- _PROVIDED DATA_:
<<<<

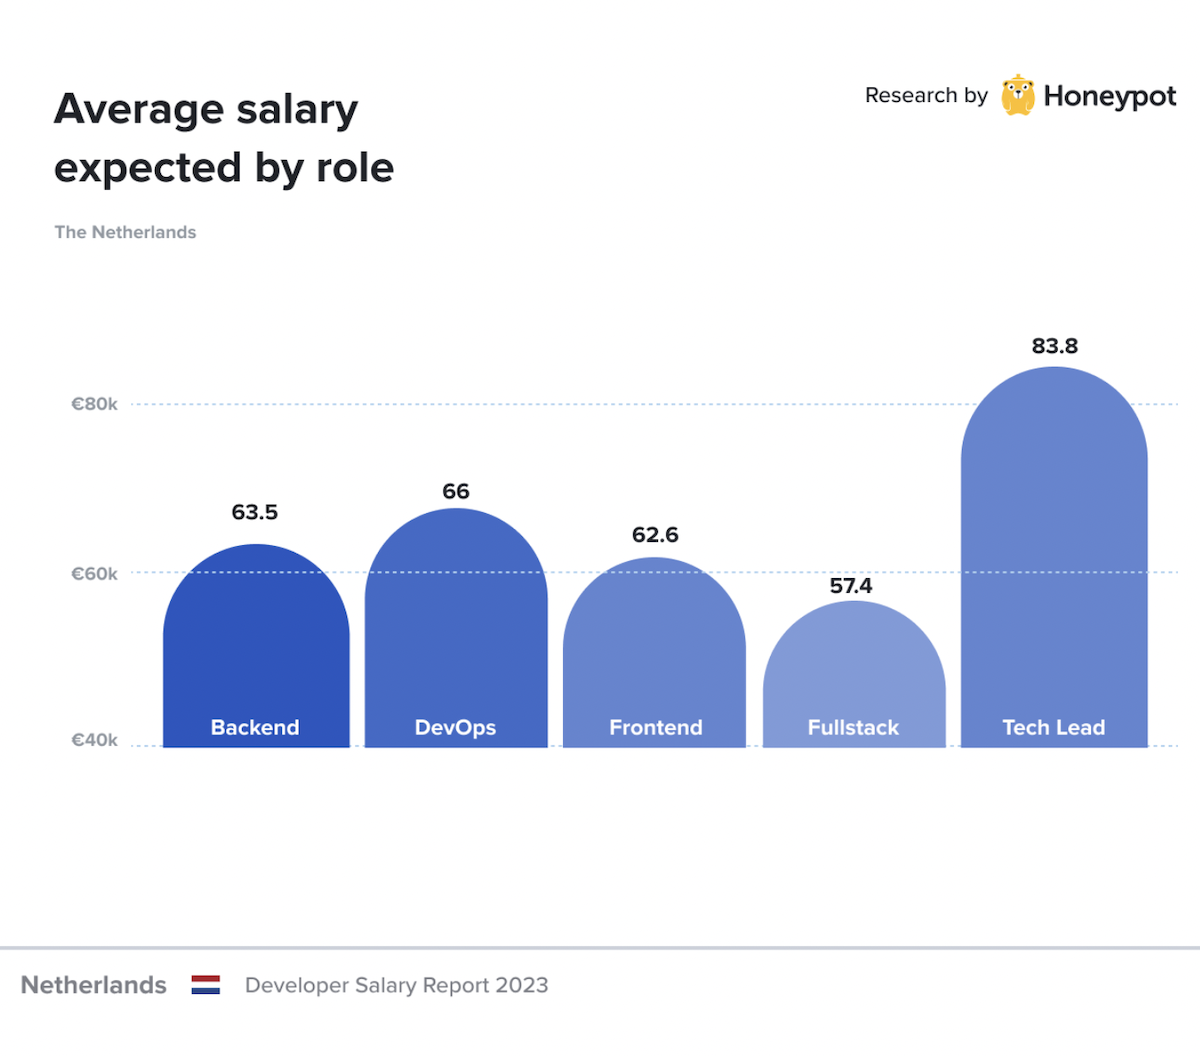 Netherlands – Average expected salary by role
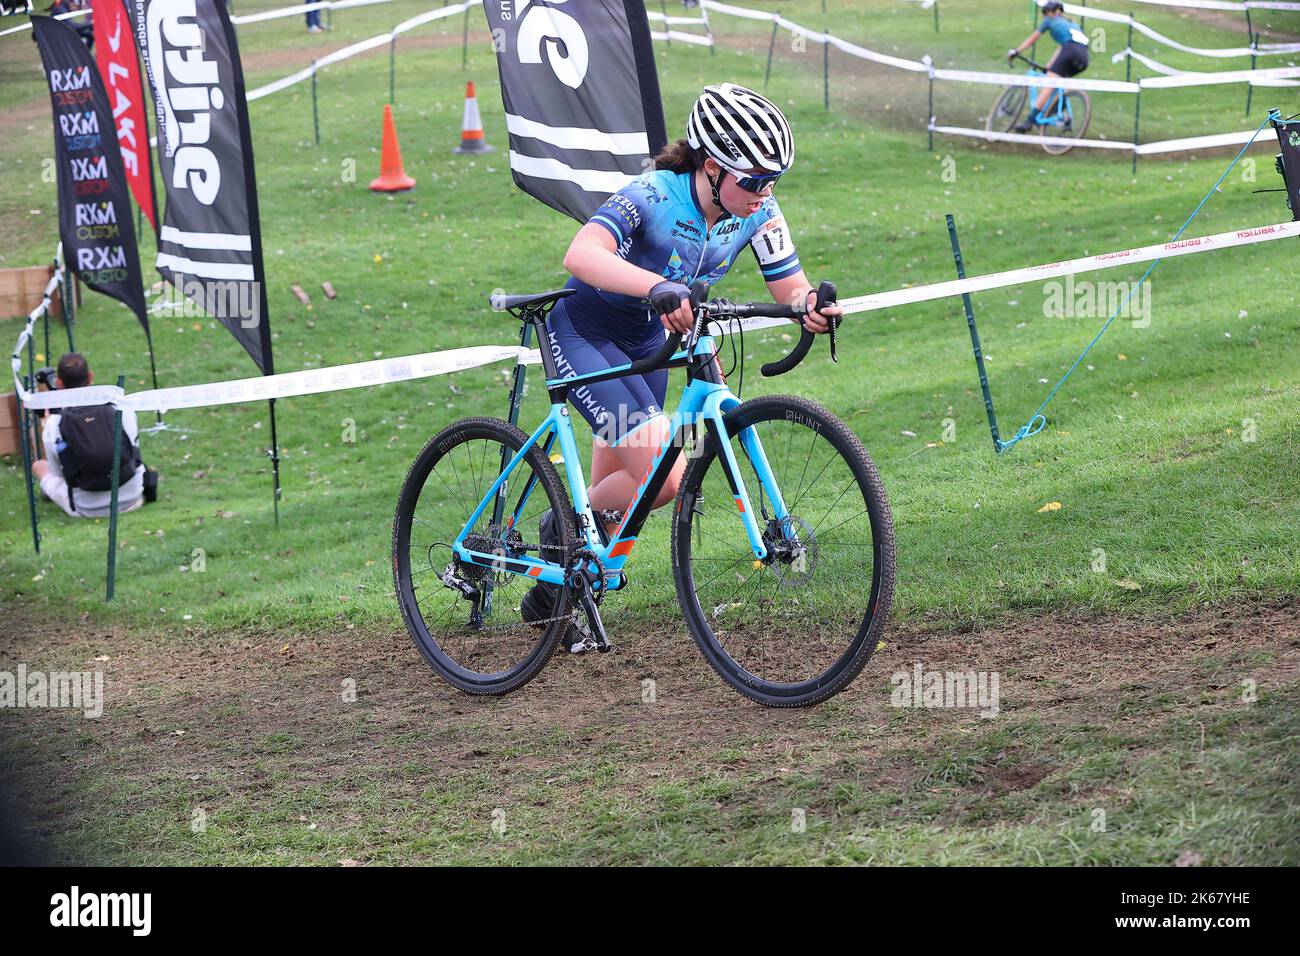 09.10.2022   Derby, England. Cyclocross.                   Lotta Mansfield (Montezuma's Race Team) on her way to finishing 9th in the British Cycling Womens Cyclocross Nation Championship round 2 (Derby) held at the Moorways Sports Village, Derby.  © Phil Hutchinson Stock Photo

>>>>
<<<<

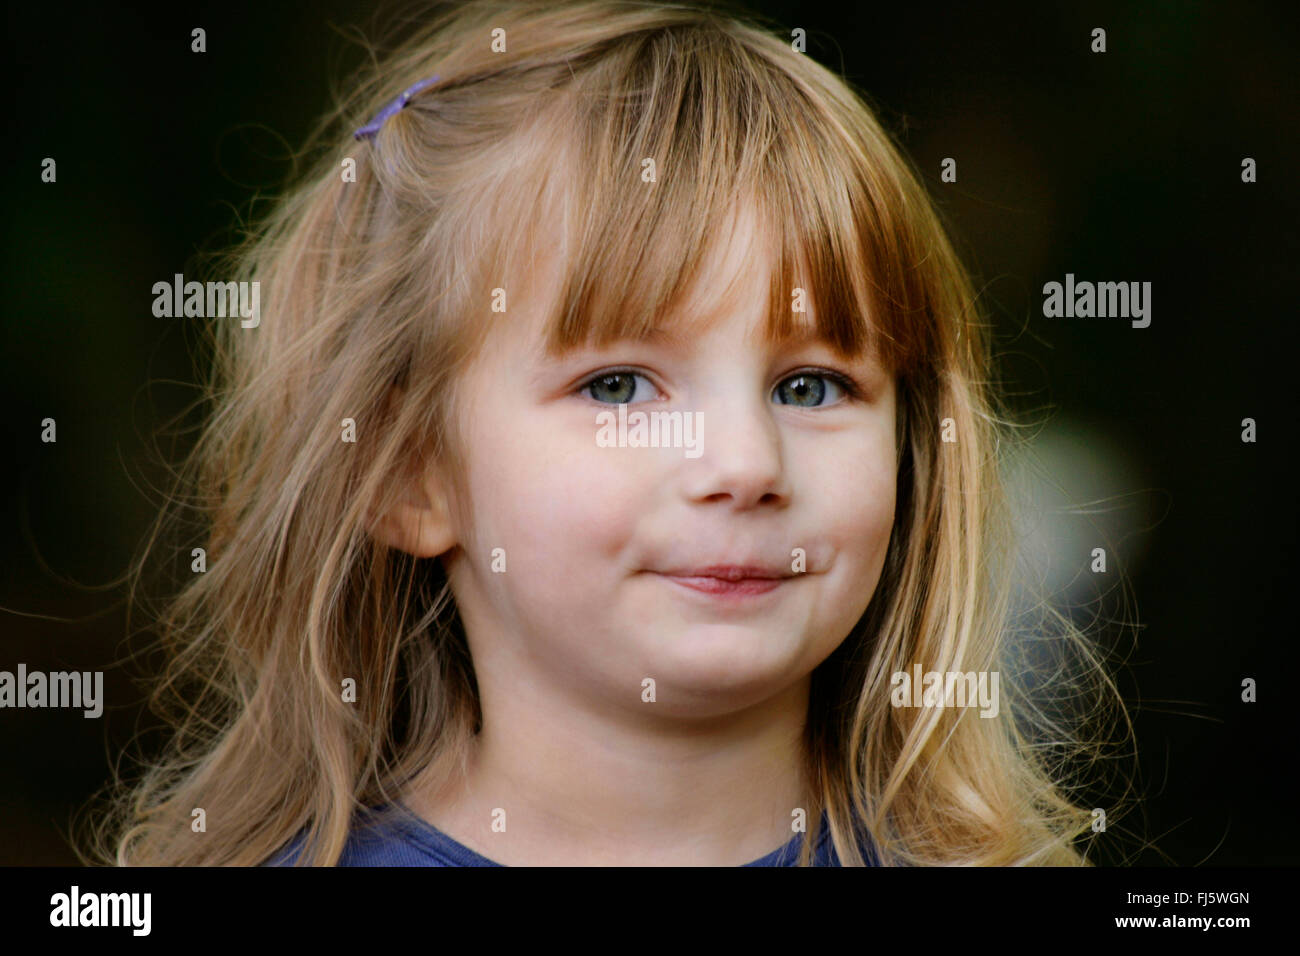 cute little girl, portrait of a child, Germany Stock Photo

>>>>

- _TRY IT_:
Everything from the line with "Netherlands – Average" through the line with "Hutchinson Stock Photo" in the material above should be transcribed exactly, except the pictures.

- _ANSWER FOR THE TASK_:
 Netherlands – Average expected salary by role
 09.10.2022   Derby, England. Cyclocross.                   Lotta Mansfield (Montezuma's Race Team) on her way to finishing 9th in the British Cycling Womens Cyclocross Nation Championship round 2 (Derby) held at the Moorways Sports Village, Derby.  © Phil Hutchinson Stock Photo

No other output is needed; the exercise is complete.